TASK TO COMPLETE
Reproduce the listing that follows character for character, excluding its pictures.

RECORDED DATA

Segment Open

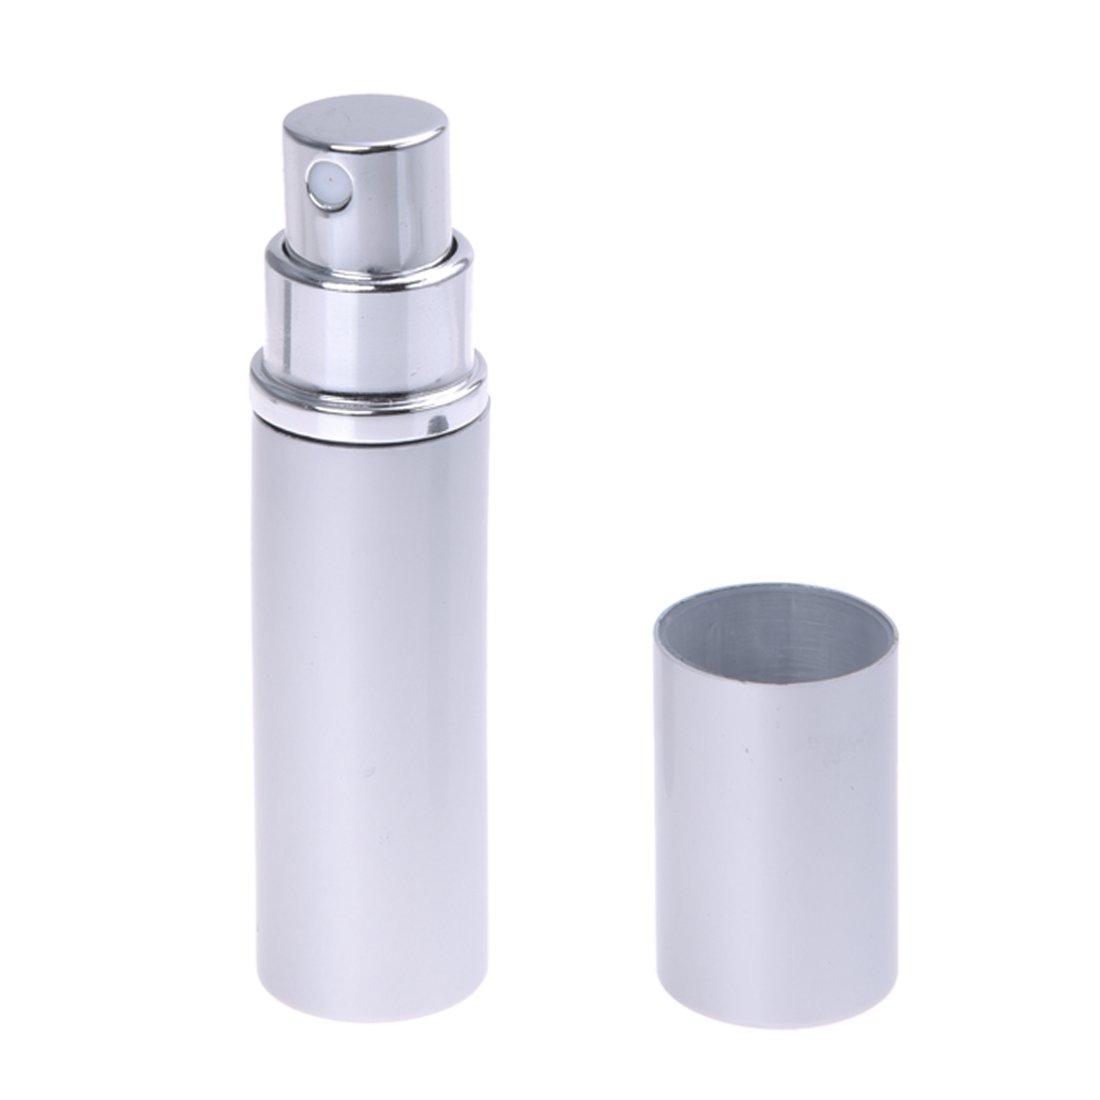 AKORD Refillable Perfume Atomiser Spray Bottle, Silver HO-114
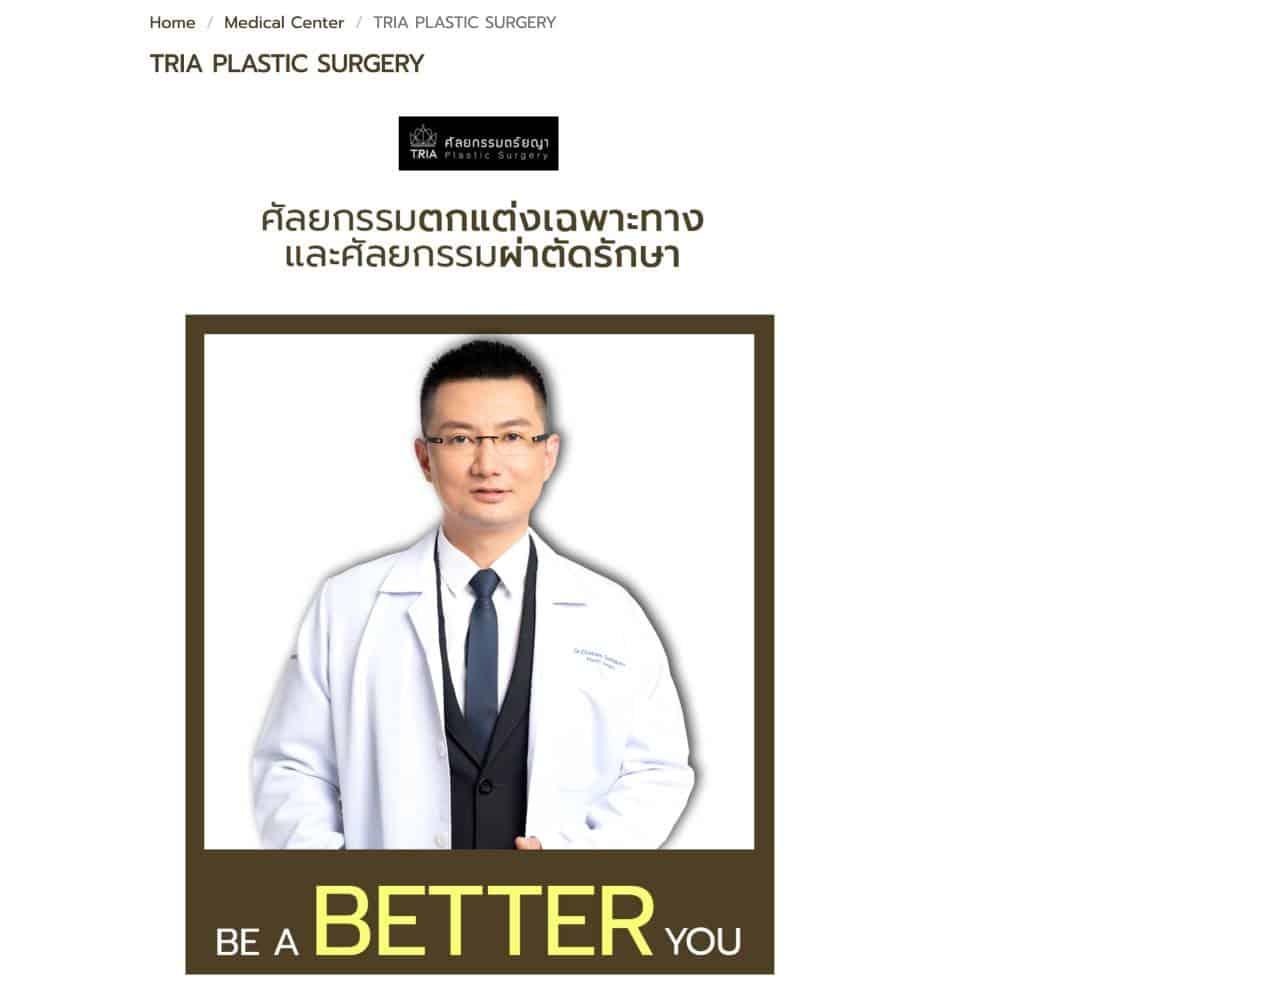 Tria plastic surgery. Bangkok Thailand - 92653 2
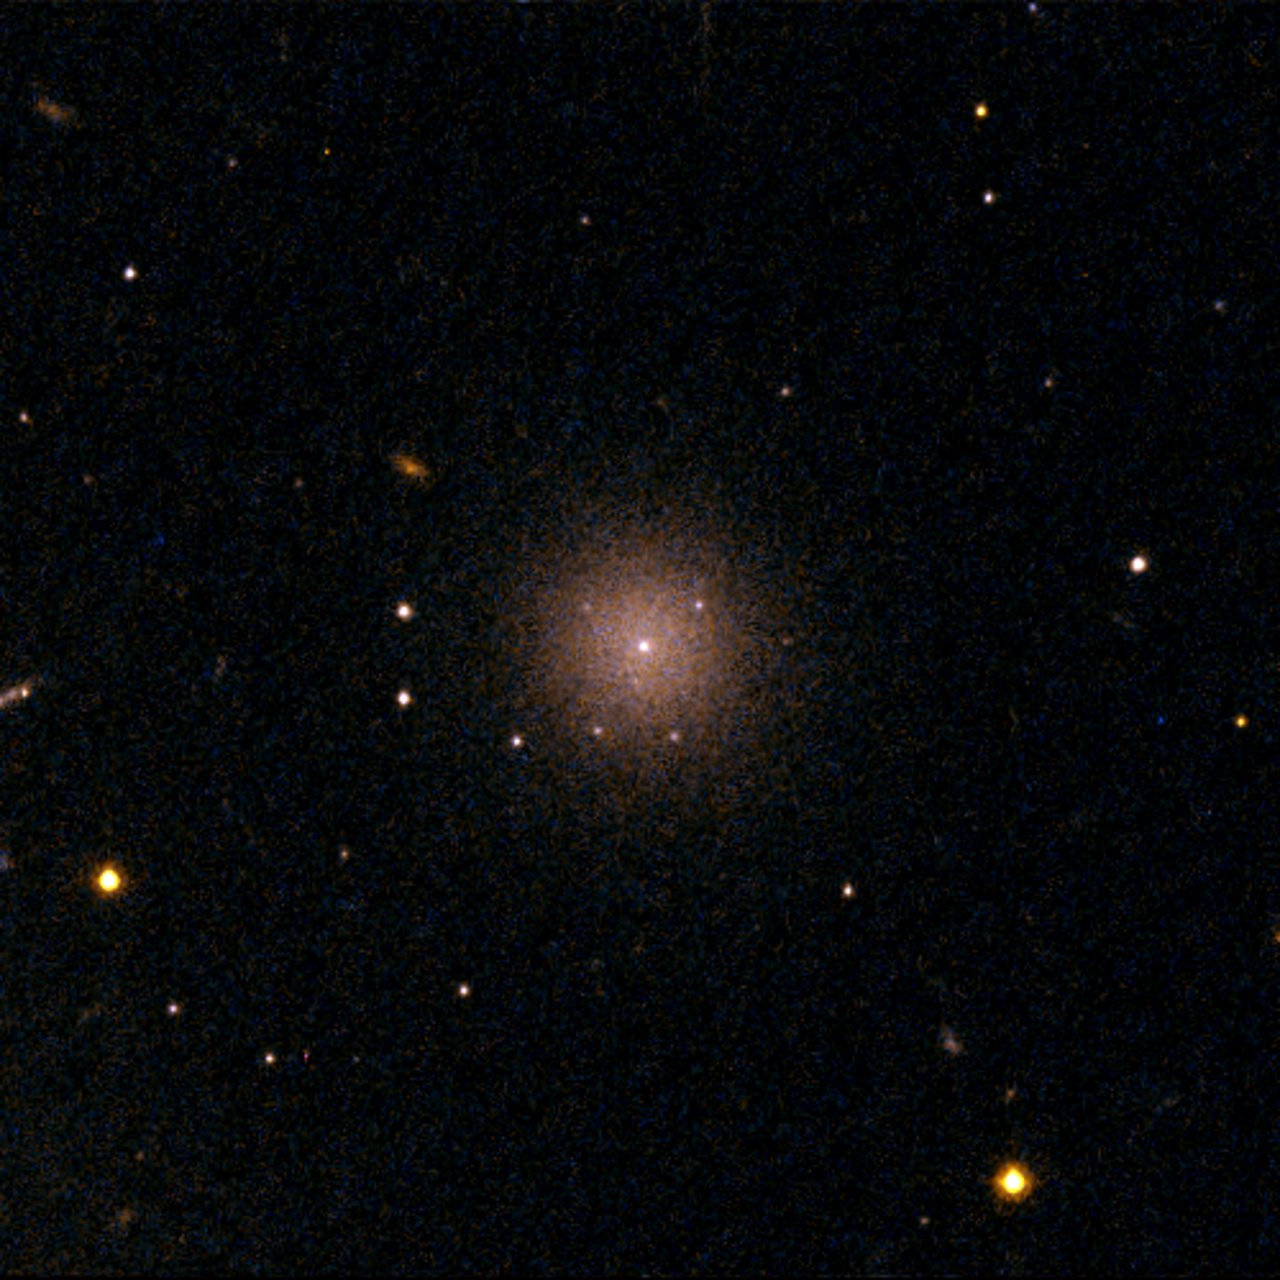 Perseus Dwarf Galaxy [CGW2003] J031900.4+4129

Segment Closed

ANSWER AREA
 AKORD Refillable Perfume Atomiser Spray Bottle, Silver HO-114
 Tria plastic surgery. Bangkok Thailand - 92653 2
 Perseus Dwarf Galaxy [CGW2003] J031900.4+4129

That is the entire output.